Cooking:  Try these grains if you are looking to go gluten-free in your morning hot cereal.  Look for rice noodles, or bust out the spiralizer for zoodles!  If you are looking for gluten free bread, check the freezer aisle.  They are usually hidden there.  I like to crust fish or chicken with pulverized almonds or a gluten free breadcrumb mix.

DAIRY

Another one I don’t do 😂 I’ve never liked milk, I refused to drink it after the bottle.

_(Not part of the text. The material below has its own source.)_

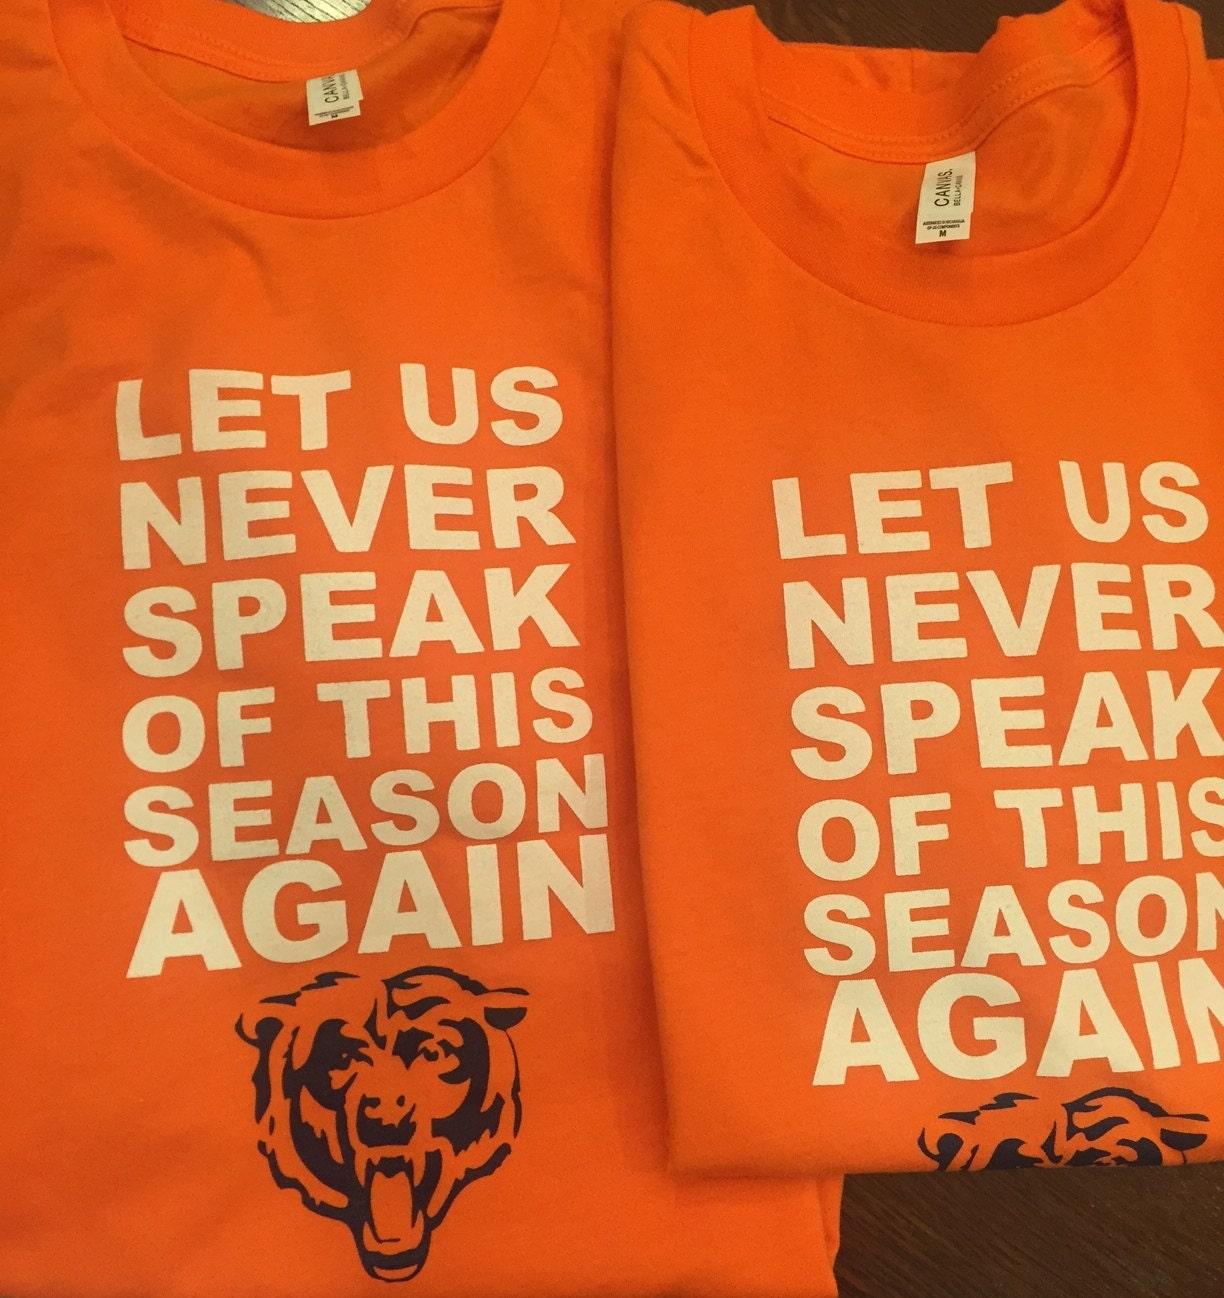 best website 462af ce750 Clearance! Chicago Bears Let us never speak of this season ...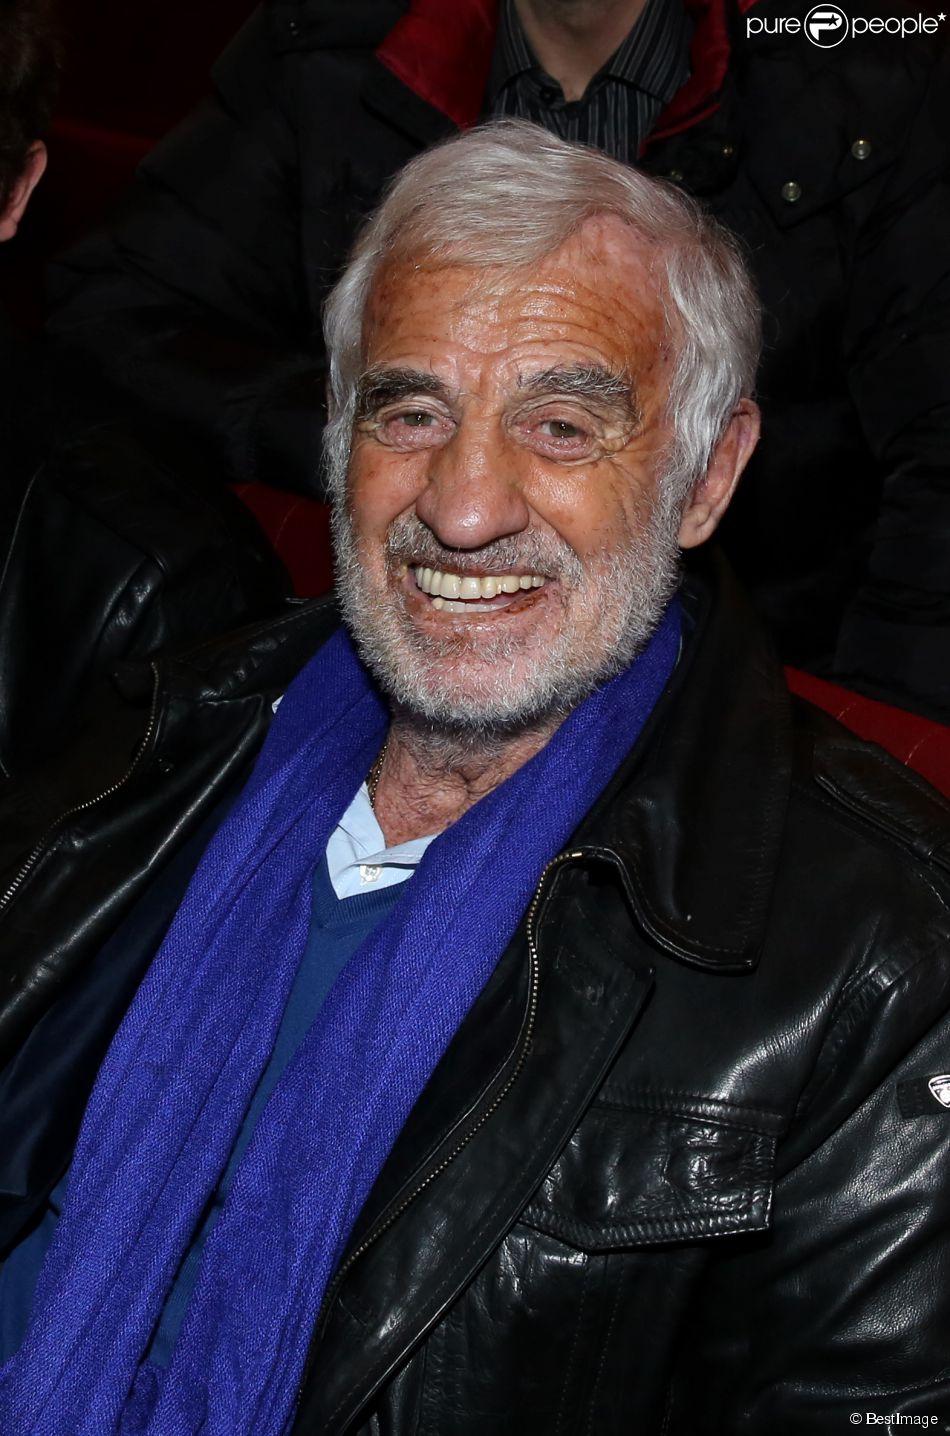 Exclusif - Jean-Paul Belmondo

Baking:  Almond milk is usually a 1:1 substitute.  But, you could also try coconut milk, rice milk, hemp milk, or cashew milk!  There are vegan versions of butter and plant-based versions of yogurt (almond, coconut).  Cheese can be a tricky one though. Nutritional Yeast mixed with some blanched almonds are used to get a crunchy top to baked dishes.  Cashew cheese can be a great substitute for mozzarella.

Cooking:  Using thickening agents such as arrowroot or tapioca starch are great ways to achieve a similar texture to dishes.  For a buttermilk substitute, I use almond milk + lemon juice or white vinegar.

TOMATOES

One of my coworkers many years ago had a daughter that had an allergy to tomatoes and I always think of her as inspiration when I try to create recipes that are tomato free.

Baking:  Butternut squash puree is a comparable switch up to tomatoes.  It’s mild flavor can be transformed to just about anything!

Cooking:  If you can do red peppers, this is a great sub for any kind of tomato sauce.  See how I used it here.

FISH/SHELLFISH

My sister has strong shellfish allergies!  She went to the doctor covered in itchy rashes awhile ago and they couldn’t explain it.  When she got home with no answers, she started racking her brain as to what caused this breakout.  She narrowed it down to fish and shellfish and started to avoid eating it.  There were no more outbreaks and the pesky bumps on the back of her arms disappeared.

Look for lean protein sources such as turkey and legumes as swaps for fish or shellfish.  On days where you want a boost in protein, look for higher protein sources such as chicken.  Consider the healthy fats that fish like salmon provide.  Make sure to get adequate amounts of Omega-3s if you can’t do fish.

GRAINS

Need to go grain free?  Nuts and seeds will be your go-to’s.

If you can do nuts, try almond flours and coconut flours.  Also, look at sun butter (made from sunflower seeds).  Coconut flour is super absorbent and is NOT a 1:1 sub for anything!

SOY

When I first started going dairy free, I found things that were soy-based because I didn’t know much about nut milks or yogurts.  But, it really messed up my skin.

I suggest looking for milks like almond-milk…Starbucks even carries almond milk now!  For tofu subs, look for lean protein sources like turkey, chicken, or fish.

For soy sauce, I have found great success with coconut aminos!

RED MEAT

I don’t feel very good after eating anything with beef or pork. I thought red meat was completely off the table for me.  But, one day I bravely stepped out of my comfort zone and tried Lamb.  GAME CHANGER!  I had no issues after eating it!  So, it goes to show you that there may be things out there that work for you.  Talk with your doctor if you are unsure.

Alright, phew!  I think I covered the biggies.  Please let me know if you have any questions, suggestions.  I welcome it all!